McHenry Mansion


The McHenry Mansion is a Victorian-Italianate historic house museum situated in the historic downtown of Modesto, California. It was originally built in 1883 as a residence for Robert McHenry, a prominent local resident.

History

In 1880, Robert McHenry purchased five lots on the corner of 15th and I street in Modesto, California for what would become the McHenry Mansion. McHenry hired Jeremiah Robinson, a Stockton contractor, to design and construct the mansion. Construction of the McHenry Mansion began in 1882 and was completed in 1883. The mansion was constructed in the High Victorian Italianate style that was popular at the time. After construction, Robert McHenry lived in the mansion with his wife, Matilda until his death in 1890. With the death of Matilda in 1896, their son, Oramil McHenry, moved into the mansion with his wife Louise and their three children.
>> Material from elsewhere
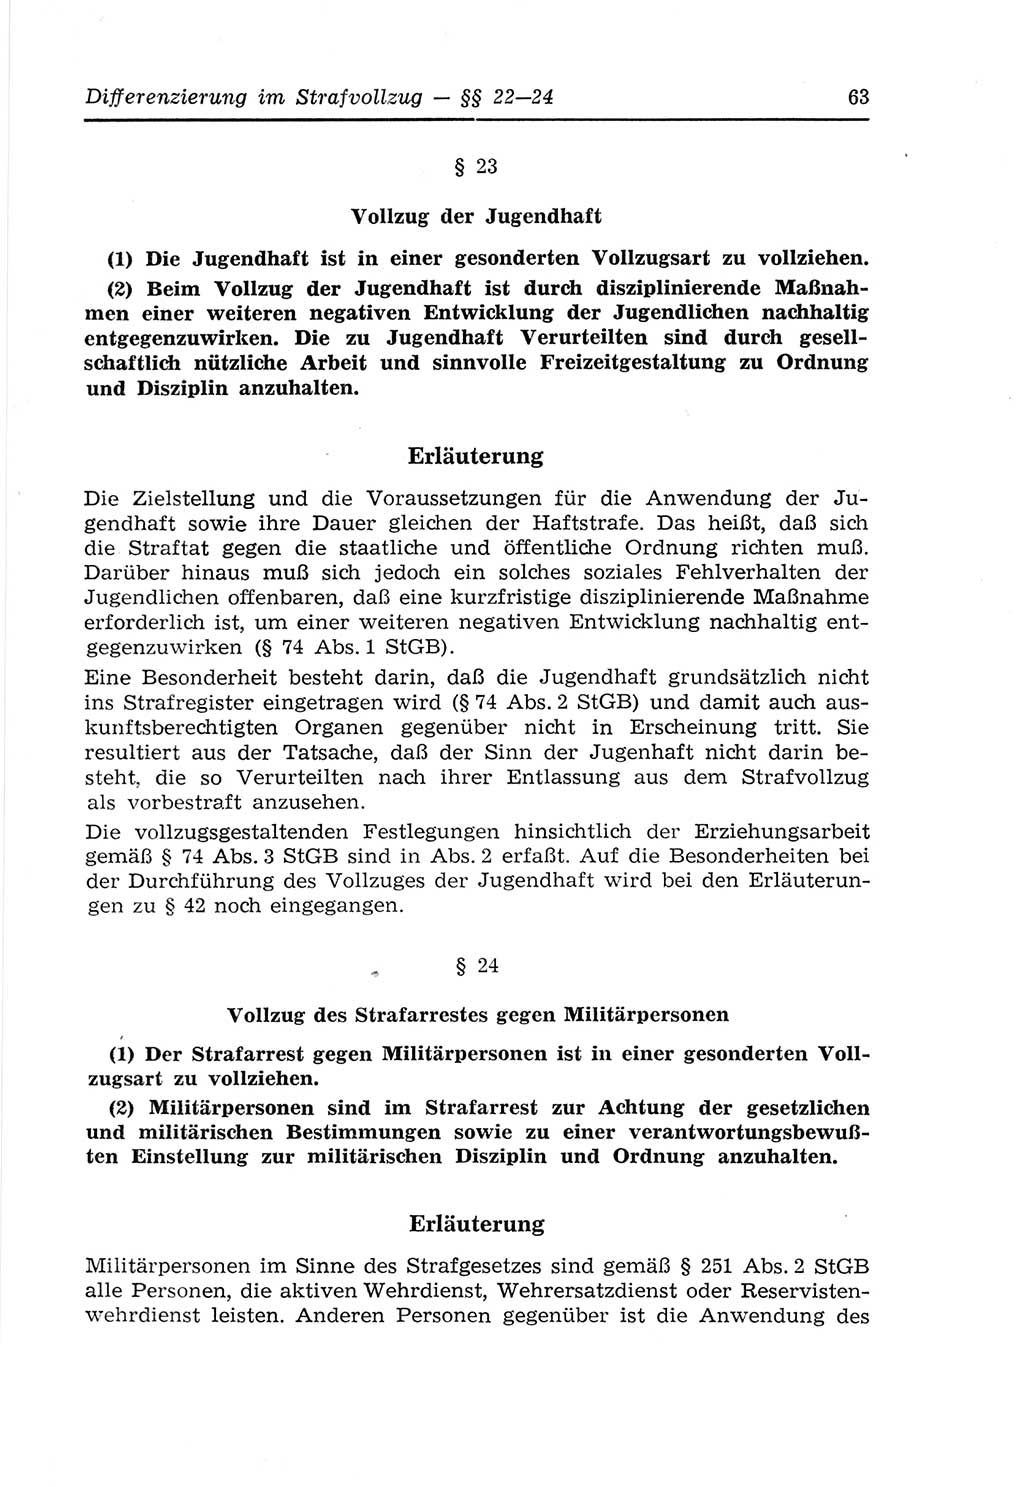 Strafvollzugs- und Wiedereingliederungsgesetz (SVWG) der Deutschen Demokratischen Republik (DDR) 1968, Seite 63 (SVWG DDR 1968, S. 63)

After their divorce in 1901, Oramil married a woman named Myrtie Conneau in 1902. Conneau came into ownership of the McHenry mansion following Oramil's death in 1906 due to stomach cancer. The McHenry Mansion changed ownership again when Myrtie remarried William Langdon in 1908.
Subsequently, the mansion became the Elmwood Sanitarium in 1919, then the Langdon apartments in 1923. The McHenry Mansion continued to be used as an apartment building until 1976, when it came on the market. At the time, Modesto was rapidly losing much of its historical architecture, so Aileen and Julio Gallo purchased the mansion through the Julio R. Gallo Foundation to preserve it. The McHenry Mansion was restored and opened to the public in 1983 and has since been open as a historical landmark with available tours. In 2011 the front of the McHenry Mansion was damaged in a major fire and has since been restored to its original state.